Knuths TeX book is an abomination, describing lexing and parsing
as mouth, gullet and stomach nonsense.
[Well, he invented most of what we know about parsing, he gets to
explain it any way he wants. Chapters 7 and 8 describe the syntax
operationally. -John]
> I've looked high and low without success. Where can i find
> something resembling the BNF of Knuth's TeX typesetting syntax?
Most of what is described in the TeXbook is plain TeX, which uses many
macros in plain.tex. I believe the book describes as primitives those
that are actually built in to the processor before any macros are
loaded (virtex).
> What symbols are fundamental, and what ones are derived?
As I mentioned earlier today in another newsgroup, TeX can't be
compiled. Among the things that can be changed are which characters
are letters and which are not. That can be changed just about up to
the point that they are read in and processed. You can't even say
what a symbol is until you have described which characters are
letters.
> Knuths TeX book mumbles something about "registers" that hold things
> like page numbers or whatever. Where is there a complete list of
> these registers, uses, and limitations?
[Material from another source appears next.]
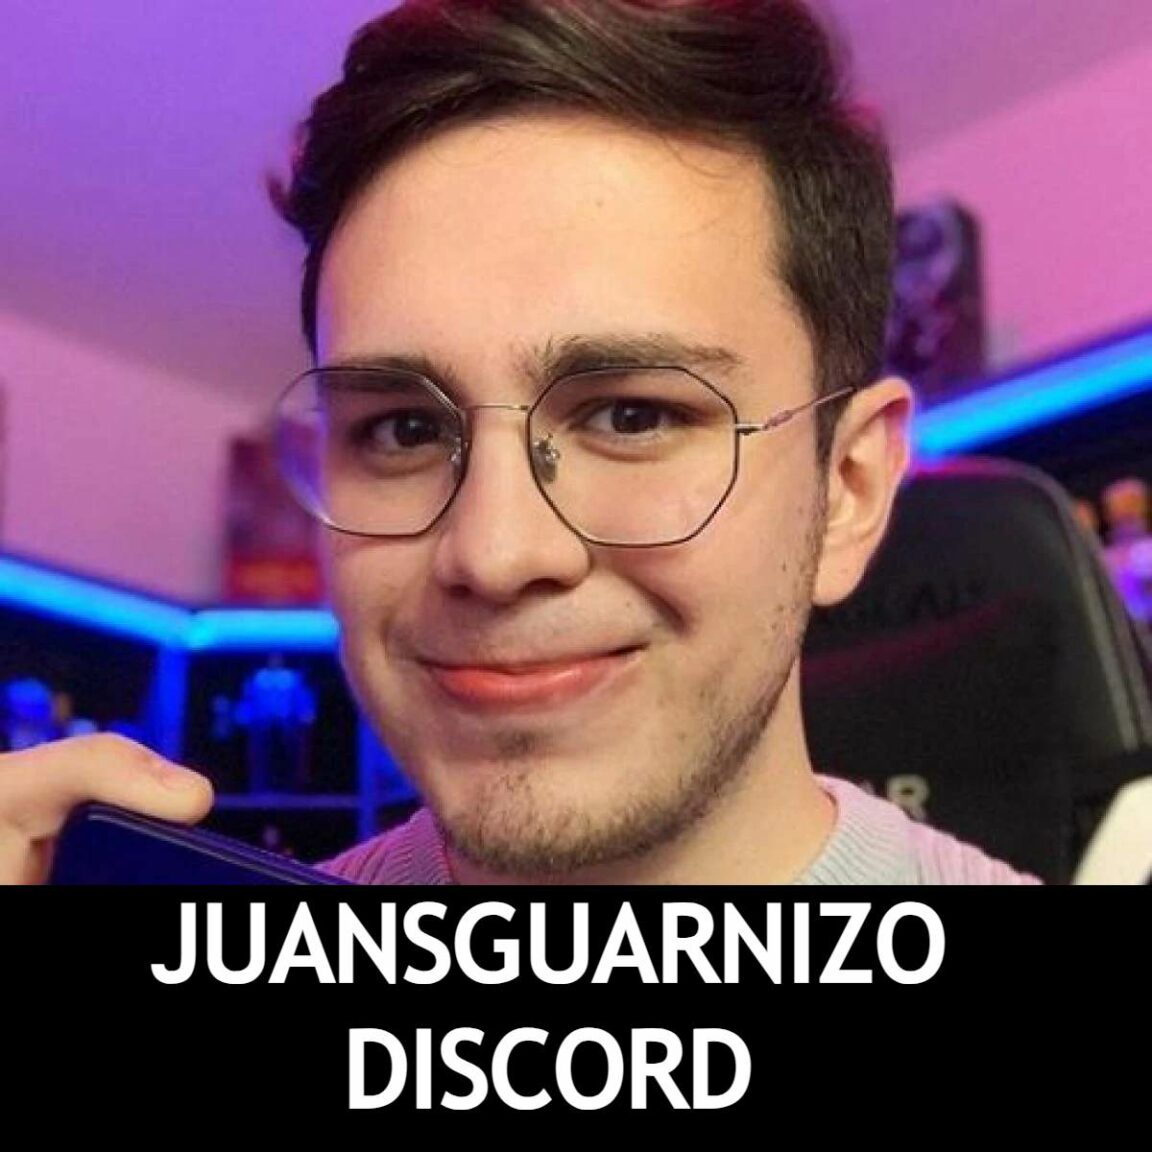 Juansguarnizo discord
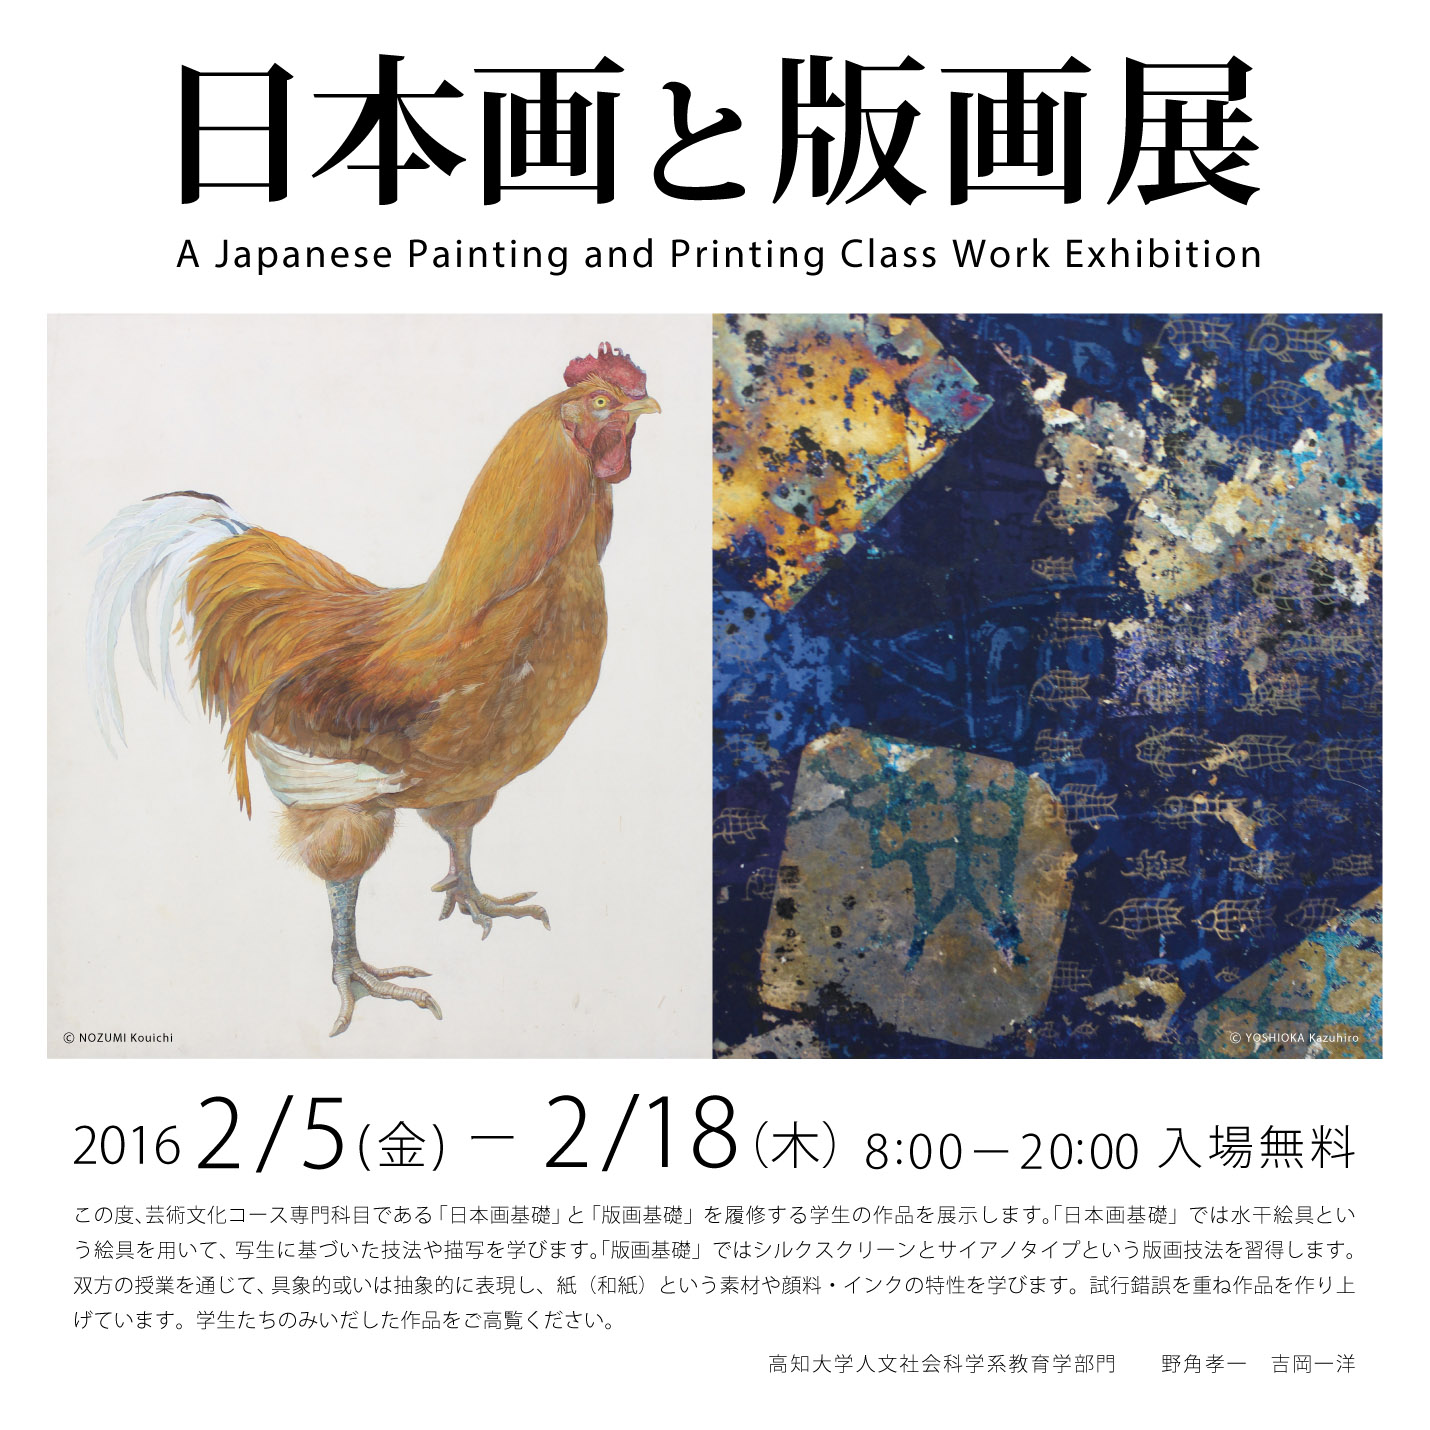 日本画と版画展

I believe the fundamental integer registers are \count0 through
\count255, but most that are actually used are defined through macros.
The TeXbook describes them pretty well.
> Knuths TeX book is an abomination, describing lexing and parsing as
> mouth, gullet and stomach nonsense.
That is pretty important, as in some cases macros change things
just before they are used. If you get it wrong, they are changed
too late. Consider \def\x{\y}\x is x defined before it is
expanded, or not? How about \def\x{\y} \x ?
In some places white space is significant, and others it is not.
That is not going to be easy to do in BNF.
-- glen
Well, the stuff is in the TeXbook, but for most practical applications
that won't get you very far because TeX is a macro-processing
language, which has a tendency to blur (in practice although not in
theory) the syntax and the semantics of the language. Typical
user-visible features in plain or LaTeX involve many layers of macros.
When I try to parse LaTeX I usually just write a crude parser that
recognises LaTeX's special characters and gobbles up {} and []
delimited paramaters. The BNF is trivial.
Adrian
> Russell Shaw wrote:
> > Knuths TeX book mumbles something about "registers" that hold things
> > like page numbers or whatever. Where is there a complete list of
> > these registers, uses, and limitations?
>
> I believe the fundamental integer registers are \count0 through
> \count255, but most that are actually used are defined through macros.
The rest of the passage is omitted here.